I recently heard a story about a boy who asked an Orthodox Priest if he could pray for Judas’ salvation.

The priest looked at the boy, smiled, leaned down, and responded, “Yes, of course!”

When he looked up and caught the concerned and questioning gaze of the boy’s parents, he stood and whispered, “I don’t know what it could mean for Judas, but it will be very good for your boy.”

I love this story for a couple of reasons. First, the priest empowered the young fella to steward a reconciling heart in alignment with our heavenly Father’s heart “that none should perish.”
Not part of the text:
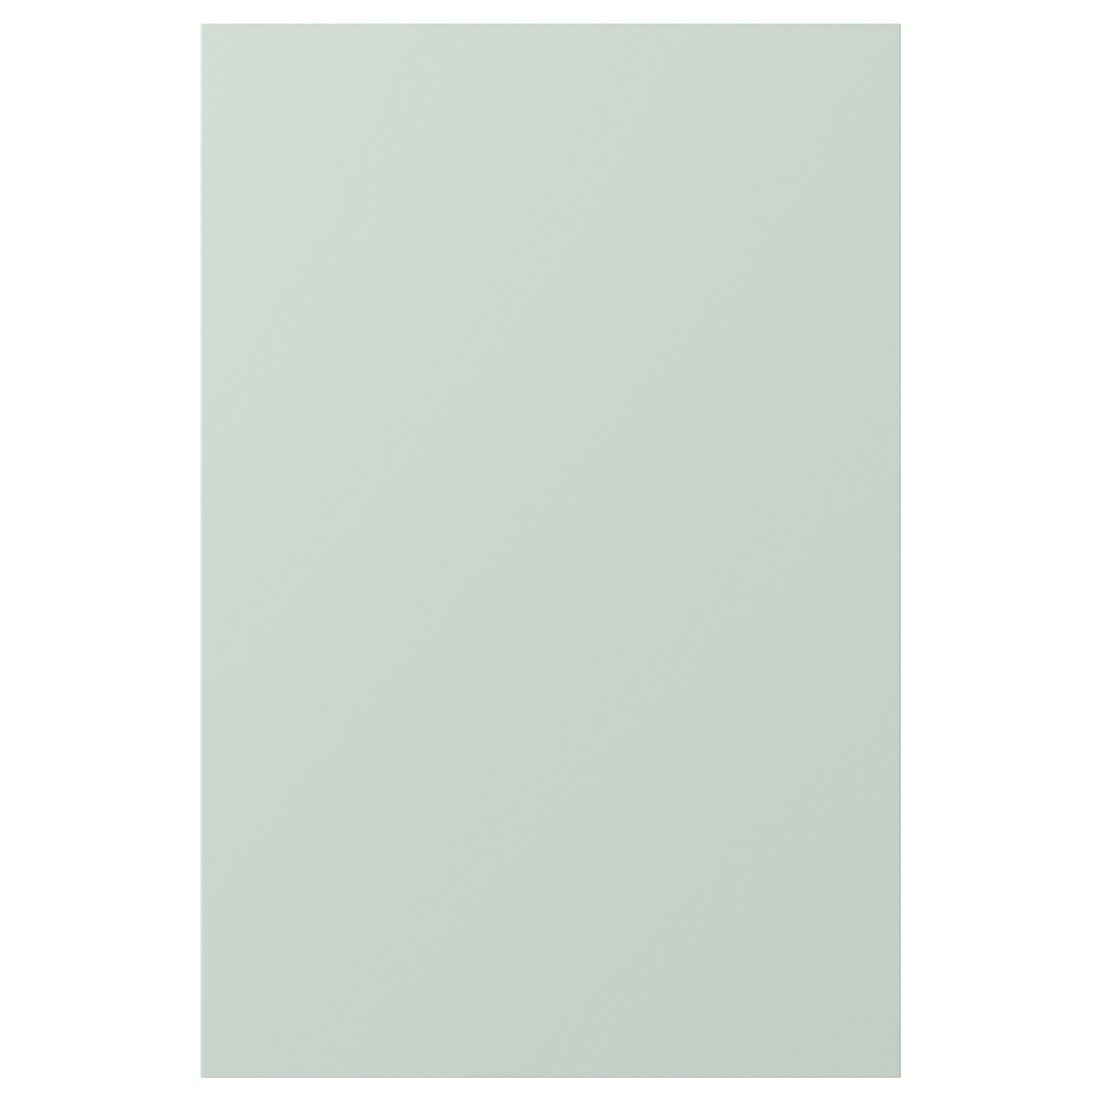 IKEA ENHET ЕНХЕТ Двері, блідо-сіро-зелений, 40x60 см 40539526 405.395.26

Second, he protected the boy’s heart from aligning with the punishing sin-counting mindset of the older brother in the parable of The Prodigal Son—the fella who willfully opposed his father’s heart of forgiveness and reconciliation toward his younger brother.

When I heard this story, I realized that many years ago, long before I’d answered that young woman’s question on Facebook, I’d decided to be like that priest. I’d decided Greater Love is in the business of reconciliation—forever—and I would align my affections with this ultimate Love.

So, when asked, “Can I pray for Judas,” or, “Can I be saved after I die?” or, “Can I place my hope in a God who reconciles?” I answer earnestly, “Yes, of course!”

Not because I know what it could mean for Judas or anyone else who has passed on, but because I’m convinced reconciling love is the ultimate truth Jesus revealed about the heart of our Father; because I’m convinced love transcends dimensions of time and space, even if I can’t understand it yet. Because I’ve made Greater Love the Cornerstone of my faith—it’s where I’ve placed my trust.

And as I near age 50, I’m discovering that aligning my affections with Jesus’ affections in this life, and for the next, is the joy of my salvation. The same joy that sustained Jesus through the hellish lie of separation He experienced on His way to and through the cross—a hell He exposed and defeated—forever.

 

This article is excerpted from my book, Leaving and Finding Jesus
Chapter Ten: Yes, I Sure Hope So

Jason Clark is a bestselling storyteller who writes to reveal the transforming kindness of the love of God. He and his wife, Karen, live in North Carolina with their three children, Madeleine, Ethan, and Eva.

6 Comments

  1. Tineke

    Really enjoyed this article and love that perspective! What a wise and intuitive priest to sense what was in the boy’s heart and water that seed instead of squashing it.

    Reply
    • Jason Clark

      I know, right!? I want to be like that Preist!

      Merry Christmas!

      Reply
  2. Garret

    Bam, take that legalism! Love the story.

    Reply
  3. Arthur

    Thank you. The late Fuller Professor Ray Anderson has a book “The Gospel According To Judas” that is wonderful. His sermon on Judas is on youtube. Grace reigns.

    Reply
    • Jason Clark

      That sounds like a brilliant book! I’ll have to check out the sermon. Thanks for sharing!

      Merry Christmas!

      Reply
      • Benjamin

        Curious? Are we talking about Judas Iscariot?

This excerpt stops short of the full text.